Kısaca hangi yöntemle “doğru düşünüyorsan”, o yöntemin adı –ki mantık denir buna- ilgili dünyayı belirler.
Örneğin doğada “bilimsel mantık” çalışır…
Bilimsel mantığı uygular rahat yaşarsınız doğanın davranışlarını bulmak isterseniz.
Bu mantığa uymayan her şeyi gönül rahatlığıyla reddedebilirsiniz…
Büyük rahatlıktır bu.
∘∘∘
Peki dünyaların birinde asla işe yaramayacak bir mantığı –ne denli haklı sebeplerle olursa olsun- kullanmakta ısrarcı olursanız ne olur?
Kaybolursunuz…
Hepimizin gündelik hayatta kaybolduğu gibi…
∘∘∘
Dostum Ekonomist Arif Yücel -kulakları çınlasın- gündelik hayatta kafamızdan düşürmediğimiz bu yönteme “Seviyorsan Evlen Mantığı" derdi.

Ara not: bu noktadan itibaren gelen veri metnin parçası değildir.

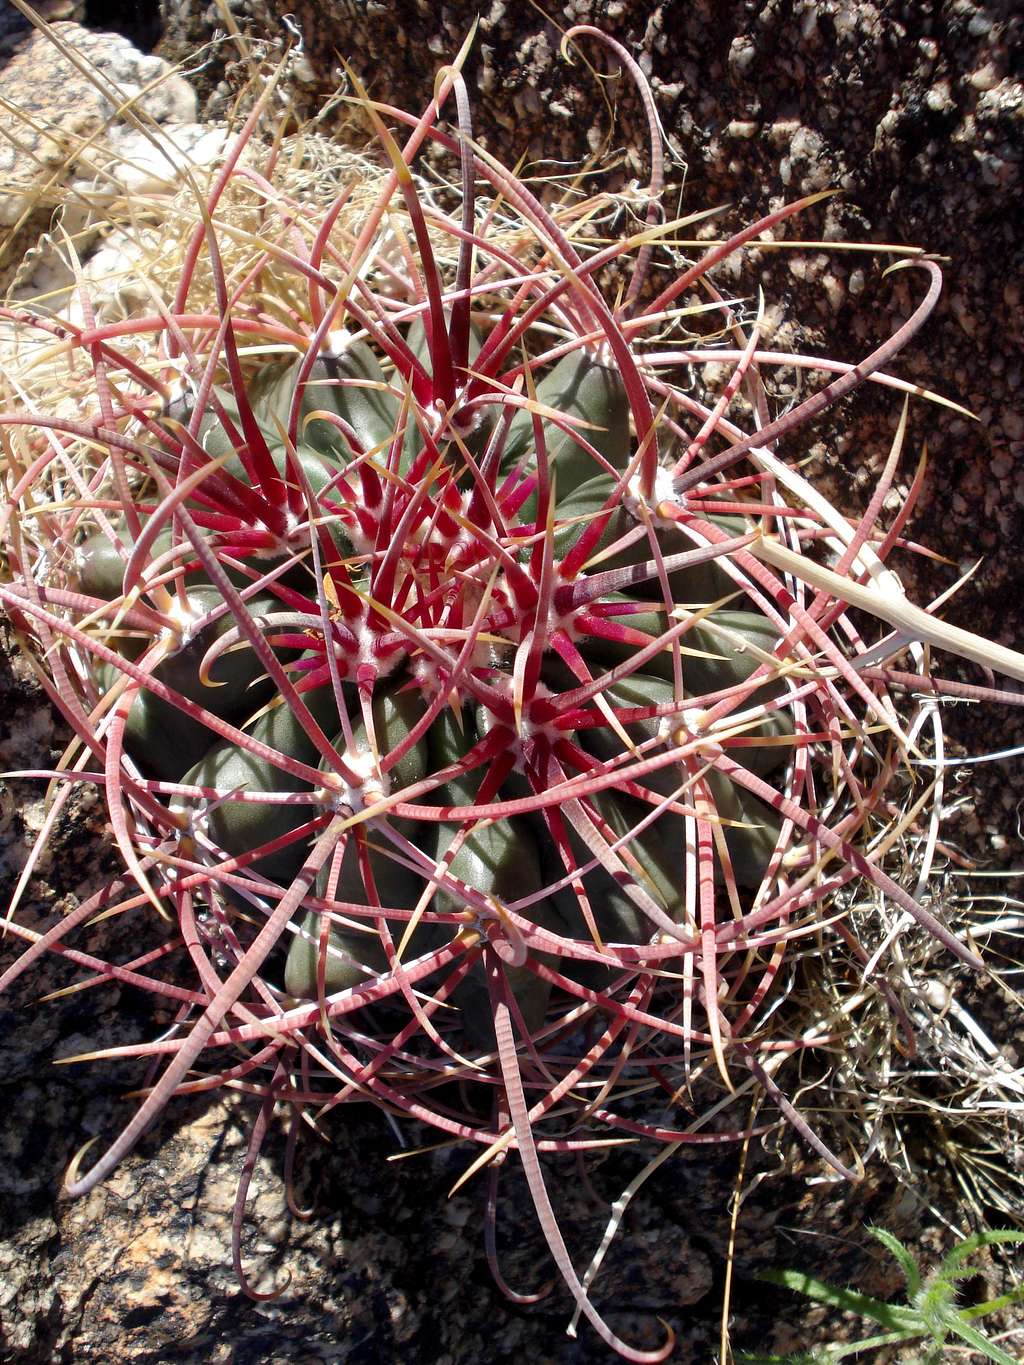 Barrel Cactus found on ascent of Rabbit Peak

Düşünüyorum da hedefi göbekten vuran daha iyi bir isimlendirme olamaz…
∘∘∘
En son aldığınız karara geri dönün ve inceleyin lütfen.
Ne yaptınız?
Nasıl karara vardınız?
Ben tahmin etmeye çalışayım:
Canınız bir şeyi –almayı, satmayı, sevmeyi, bırakmayı, yapmayı, başlatmayı, bitirmeyi…..- çekti…
∘∘∘
Bir süre kafanızda kurmaya başladınız…
(Bu süre işin önemine göre uzun ya da kısa olabilir)

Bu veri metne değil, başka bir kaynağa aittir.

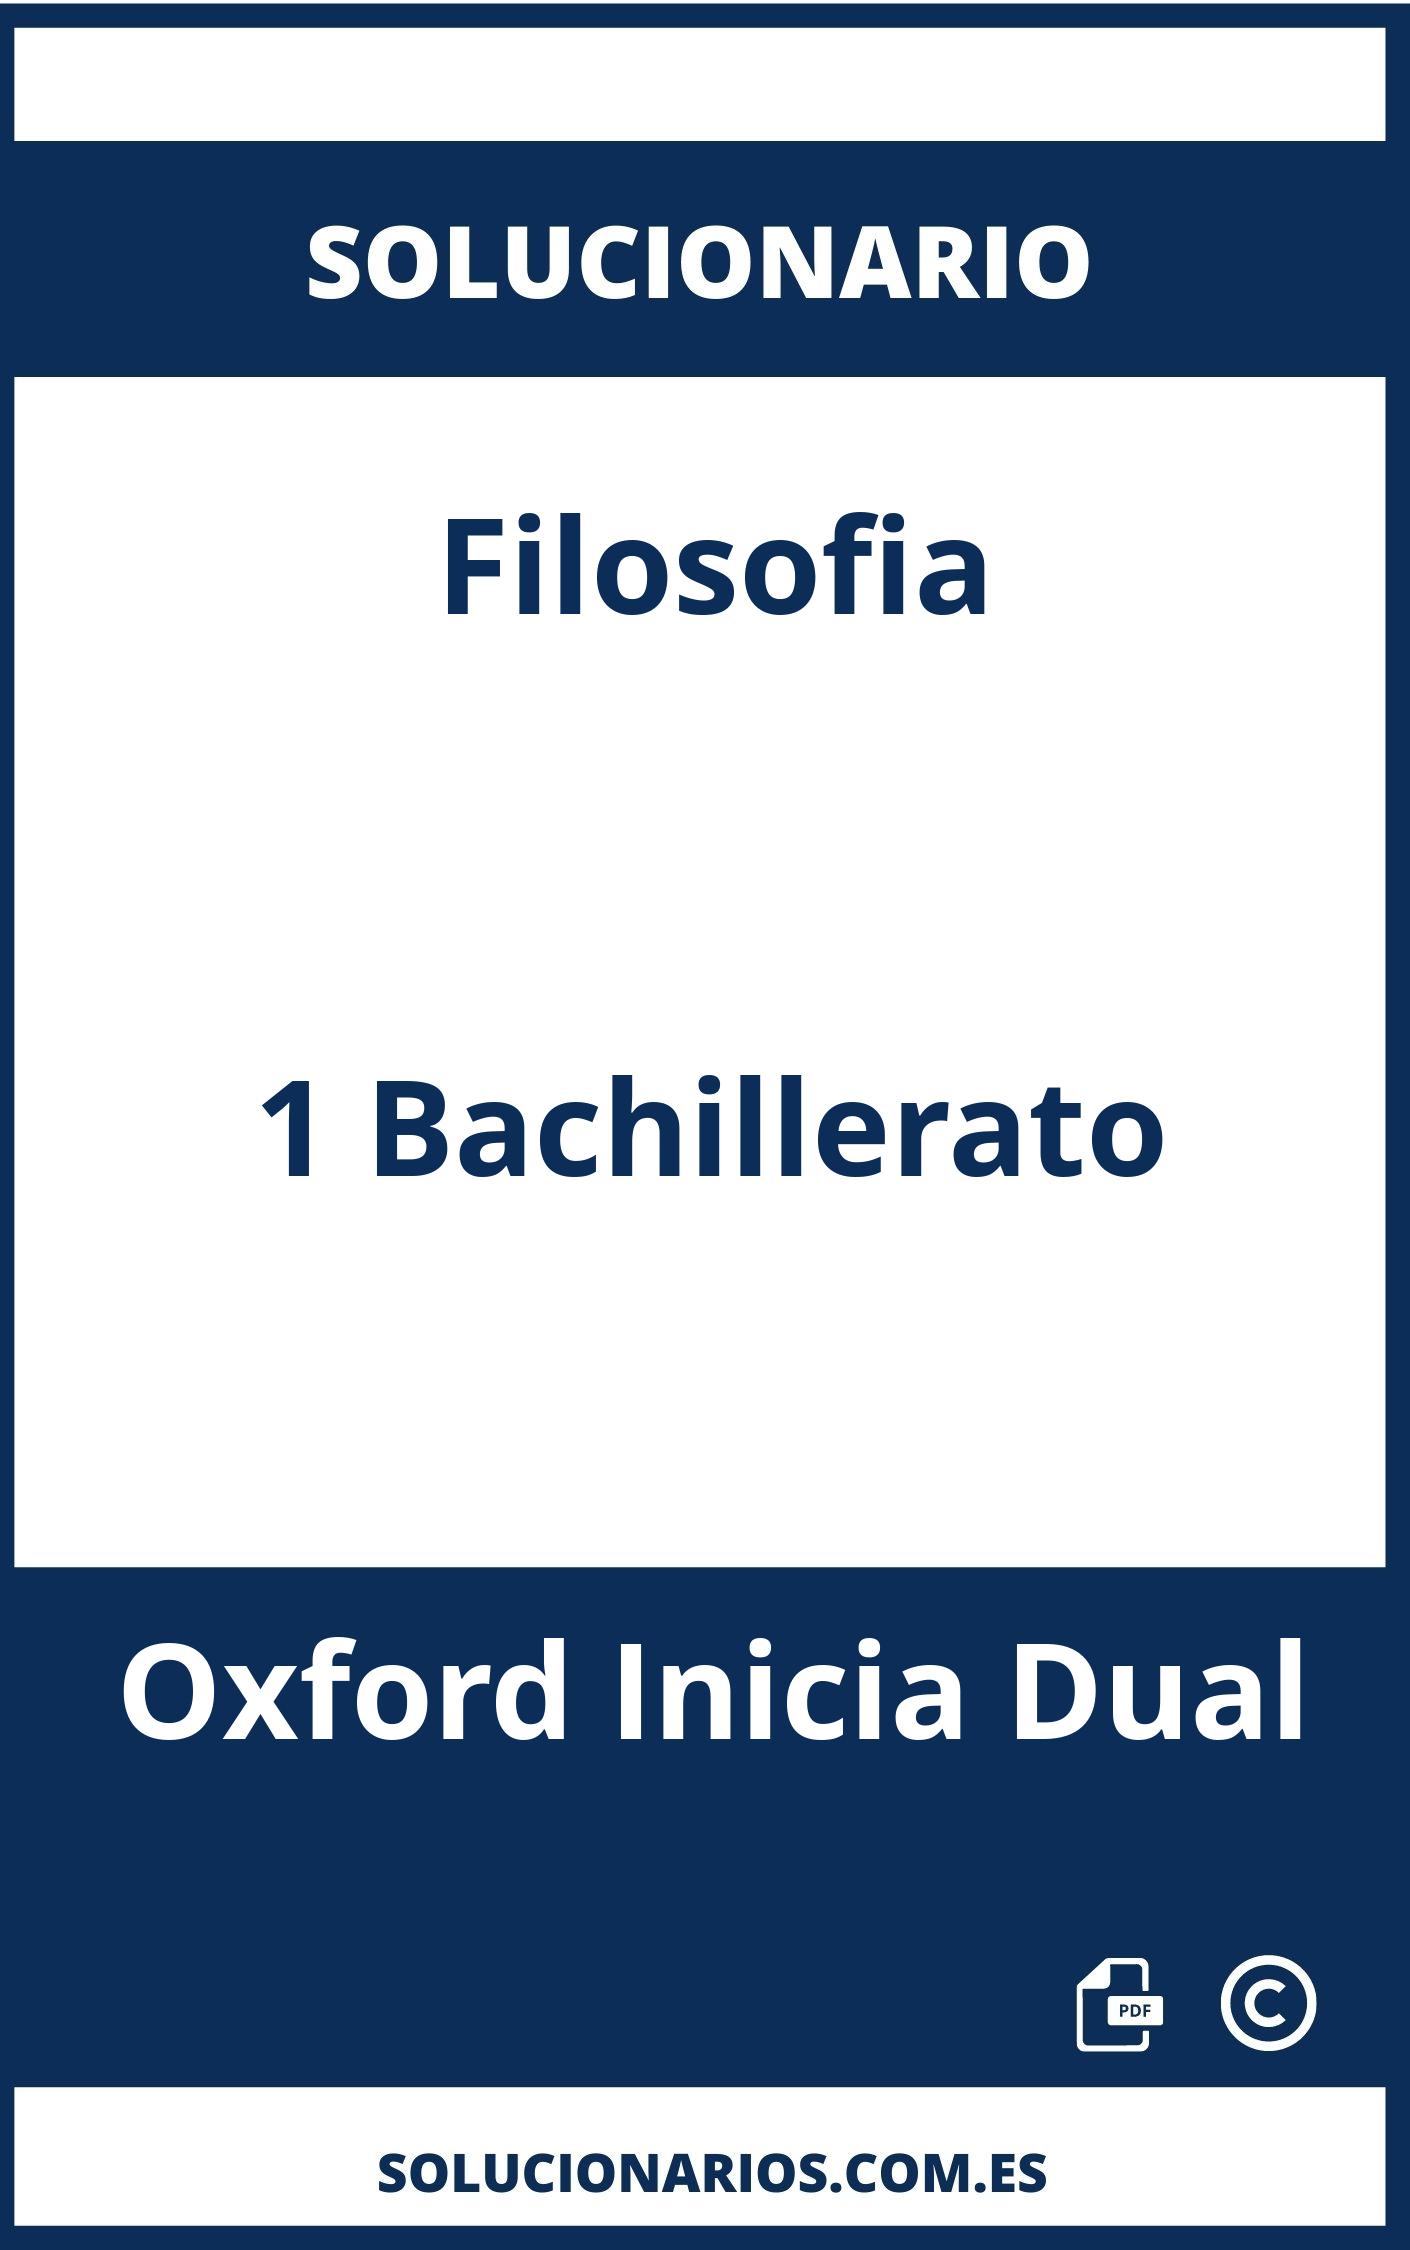 Solucionario Filosofia 1 Bachillerato Oxford Inicia Dual

Canınızın çektiğini yapmanızı destekleyen geçmiş olgular bulmaya çabaladınız.
Geçmişte neler var, baktınız; sizi veya başkalarını –eşinizi, çocuklarınızı, annenizi, babanızı…- ikna edecek…
Buldunuz ve kendinizden başlayarak önünüze çıkanı kandırdınız –ikna ettiniz.
∘∘∘
Bu yöntem “kurbanlık koyun mantığıdır”…
Kurban bayramında kesilmek için alınan hayvanlar hayatı hep bayramdan önceki haftada olduğu gibi güllük gülüstanlık sanarmış…
(Bayramda kesilecek koyunu özenle beslerler, bilirsiniz.)
Kesilecek hayvanların kullandığı Tümevarım –induction- mantığıdır…
David Hume
∘∘∘
Neden bu yanlış yolda debelenmeyi sürdürürüz?
Çünkü elimizde daha iyisi yok...
Tüm şirketler, tüm bireyler, kurumlar, devlet, yöneticiler bu ipe sapa gelmez yöntemle mücizeler yaratacağını düşünür, pazarlar, söyler…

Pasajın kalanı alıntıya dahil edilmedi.